Перед Евгением, с суровым видом экзаменатора сидел стареющий Гоголь в сутане.

– Ну-с? Какие доказательства существования Бога, молодой человек?

– Не знаю… – заплакал Евгений.

Он инстинктивно начал шарить под столешницей, ища что-то, возможно шпаргалку.

– Ex motu, – напомнил великий писатель, подняв сухой палец.

– Да… Доказательство э-э… ч-через движение. У любого движения во вселенной должна быть первопричина…

– Вы сами-то понимаете смысл?

– Нет, – честно признался Евгений.

Он зло поглядел на экзаменатора.

– А вы?

– Я тоже нет, – просто ответил Гоголь.

И вдруг, скинув все ненужное, превратился в Джека Саммера.

Евгений вытаращил глаза.

– Мы теперь, вроде как, тезки? – улыбнулся Джек.

– Ты… Как?! Т-тебя… тебя же нет! Я тебя выдумал! – воскликнул Евгений.

– Разве? А, по-моему, все наоборот, – криво, но беззлобно усмехнулся Саммер.

– Чушь!

– Когда я изучал историю двадцатого века, мне пришла на ум любопытная задумка, главным героем которой стал ты. Ты родился в моем воображении, приятель, а не наоборот.

– Докажи!

– Я могу рассказать, что тебя ждет. Я уже додумал сюжет до конца и описал его. Хочешь?

– Нет!

Евгений отчаянно замотал головой.

– Не-ет! И потом, эт… это не доказательство! Я точно также знаю, что произойдет с тобой!

– Хм! Да… Ничья, – признал Джек Саммер, пожав плечами.

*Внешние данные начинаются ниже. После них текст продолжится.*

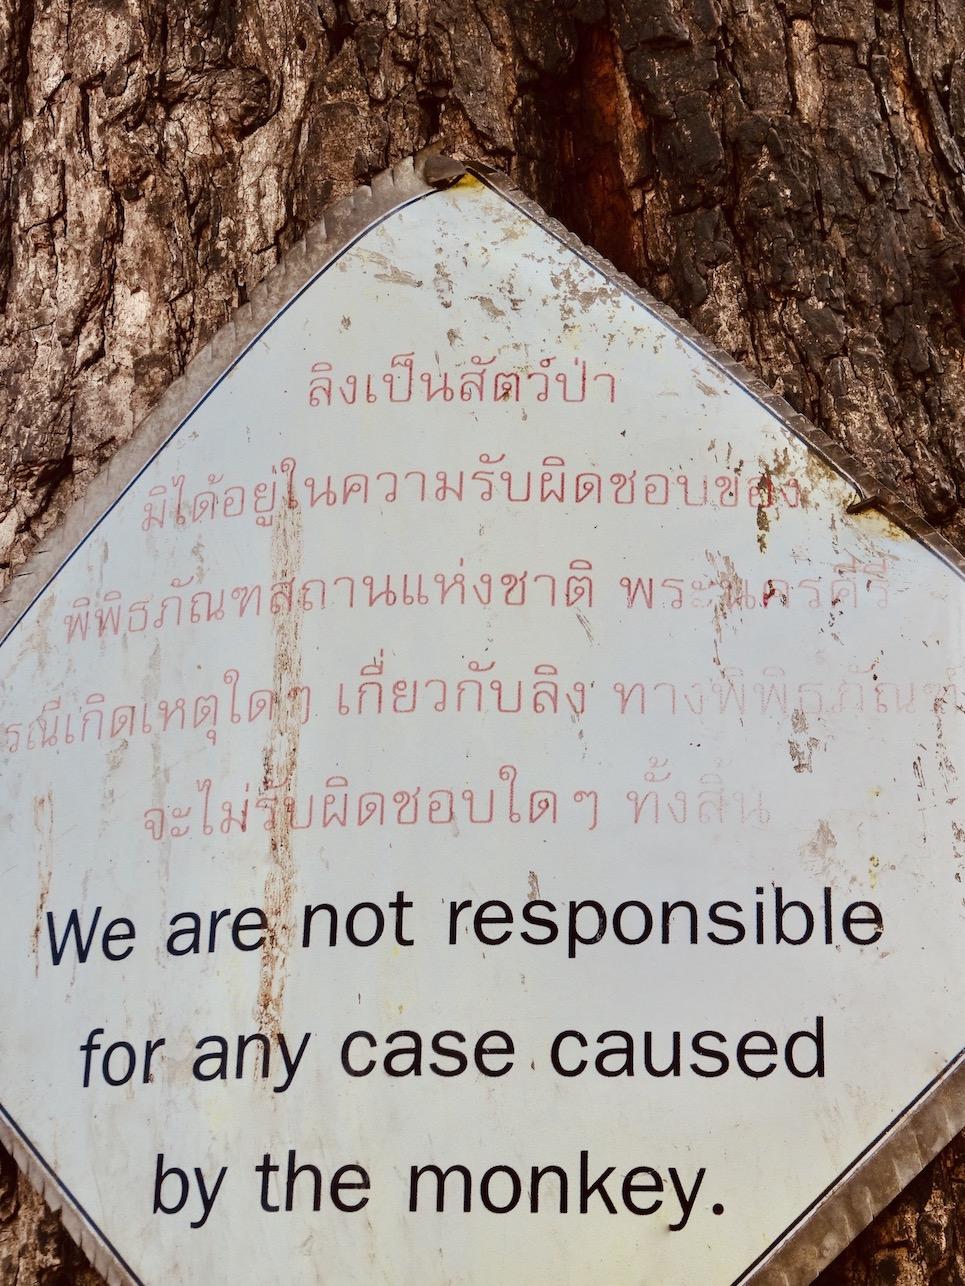 Beware of monkeys Phetchaburi Thailand

Они какое-то время молчали.

– Я отправил рукопись с твоими похождениями в издательство. Им понравилось… – сказал Джек. – Если б только не жестокая охота за литературой, прямо как под пятой Савонаролы. Ну, сам знаешь… Эти замечательные люди, объявившие Солнце врагом человечества, естественно, добрались и до книг. Уютный полумрак, как любит выражаться Патер, должен быть не только и не столько снаружи, сколько…

– Хватит! – вспылил Евгений.

– Окей. В общем, к сути. Если не можешь поверить в Бога и в реальность бытия…

– Ну?

– Верь в меня!

– В т-тебя?!

– Да. Или можешь ни во что не верить. Я лично давно так делаю и практически счастлив.

Евгений снова заплакал. Теперь он понял, что у него действительно отняли все. Даже его персонаж преспокойно вылез из романа и, отряхнув с себя буквы, объявил собственную персону полноправным автором его, Евгения, жизни!

Это было чересчур! Это было бесчестно и аморально!

И в то же время, полностью подтверждало теорию иллюзорности мира вокруг…

«Но ведь я-то есть!»

Или, напротив, его неоспоримой реальности?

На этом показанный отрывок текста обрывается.